The proprietor, on having these facts called to his attention, said that he could hire Chinese boys at $3.00 a week and have the work done more efficiently. Yet even Chinese boys dependent on their own efforts cannot subsist decently on $3.00 a week.

In her address before the National Conference of Charities and Corrections in Cleveland, held in June, 1912, Mrs. Florence Kelly, the dean and veritably the mother of industrial investigation, said:

“We cannot longer escape the knowledge that there is no more efficient cause of wholesale destitution in the United States than industry. It can be said with truth that poverty is the regular and inevitable byproduct of our present industry, as wealth is its normal product. We carry on our industry to produce wealth, and incidentally we produce wholesale poverty.

“Insufficient wages underlie a vast proportion of the need for correctional and reformatory work. They entail upon the community child labor, tuberculosis, underfeeding, lack of refreshing sleep and consequent nervous breakdown.

“They underlie industrial employment of mothers, whose neglected children fail in health and morals. The children in turn crowd the juvenile courts and custodial institutions....

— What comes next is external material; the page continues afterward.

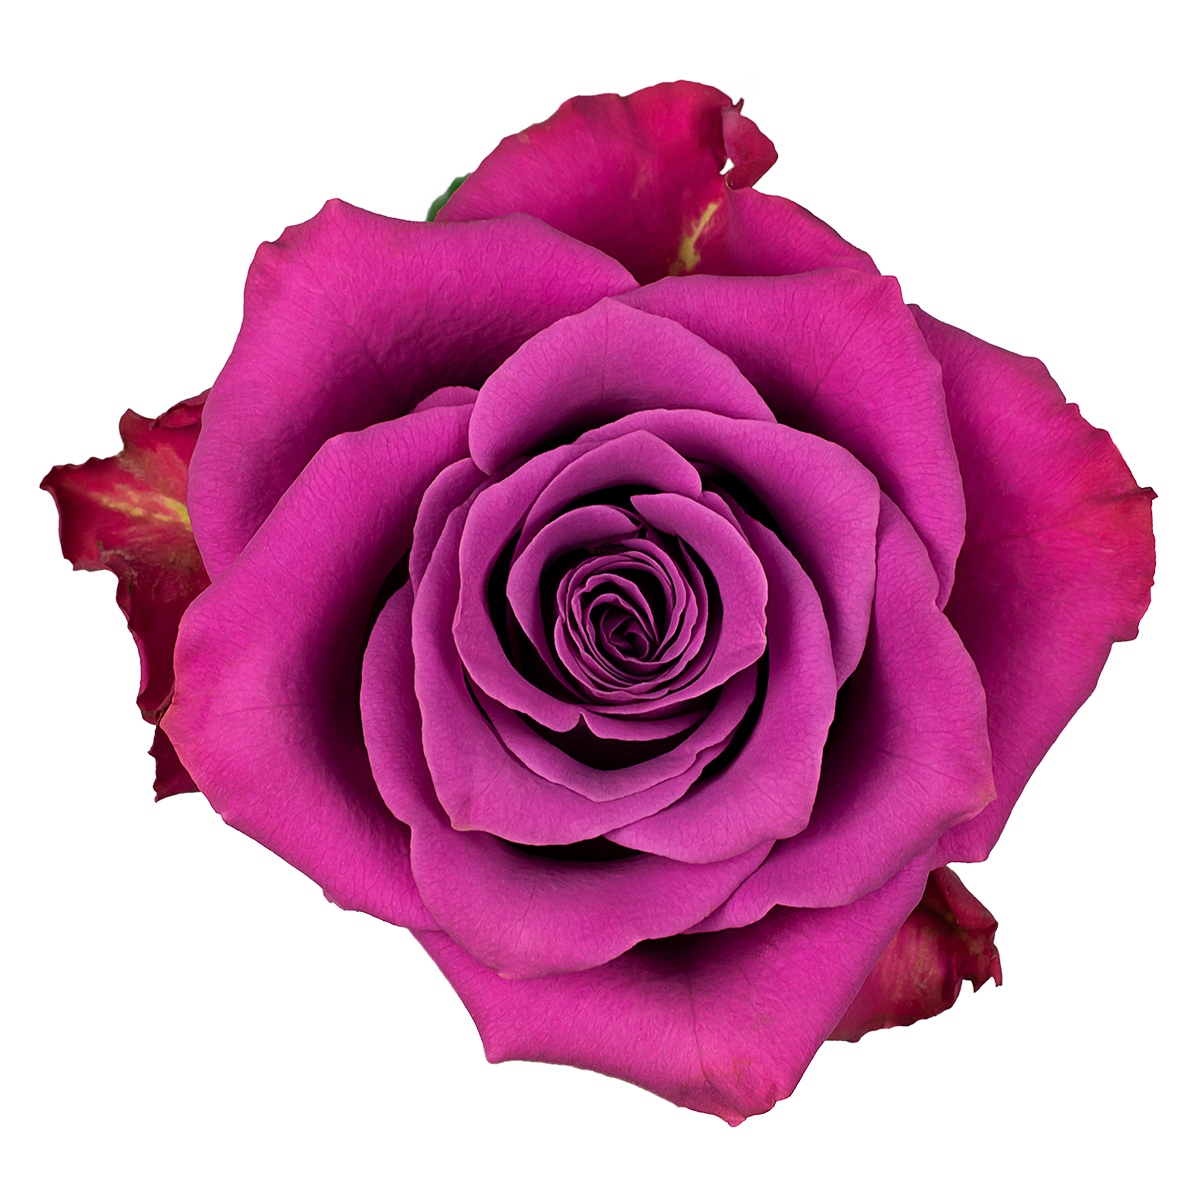 ASCOT rose - Florist Rose Paradise! - Decofresh TOTF2020 on Thursd

“It behooves us all to put in practice as rapidly as we may some standard of payment for the working people having due relation to the expenditure of life itself, in the service of all, that is made by those who work for wages.”

A typical example of the spirit being developed among employers by a better knowledge of conditions is cited by Mrs. Kelley:

“A leading store in Boston—Filene’s—has for several months maintained a minimum wage of $8.00 a week. For many years this store had employed no one who had not finished the work of the eighth grade of the public schools. It has thus set for the whole country an example of retail trade as a field in which industry can be carried on under all the difficulties entailed by unlimited competition, with profit and success, and without producing poverty as its byproduct.”

In Honolulu working people can live comfortably on low wages,—in a greater degree of comfort than in any other community of which I have knowledge,—but in practically every family there is more than one wage-earner—the wife and children contributing their quota, however small.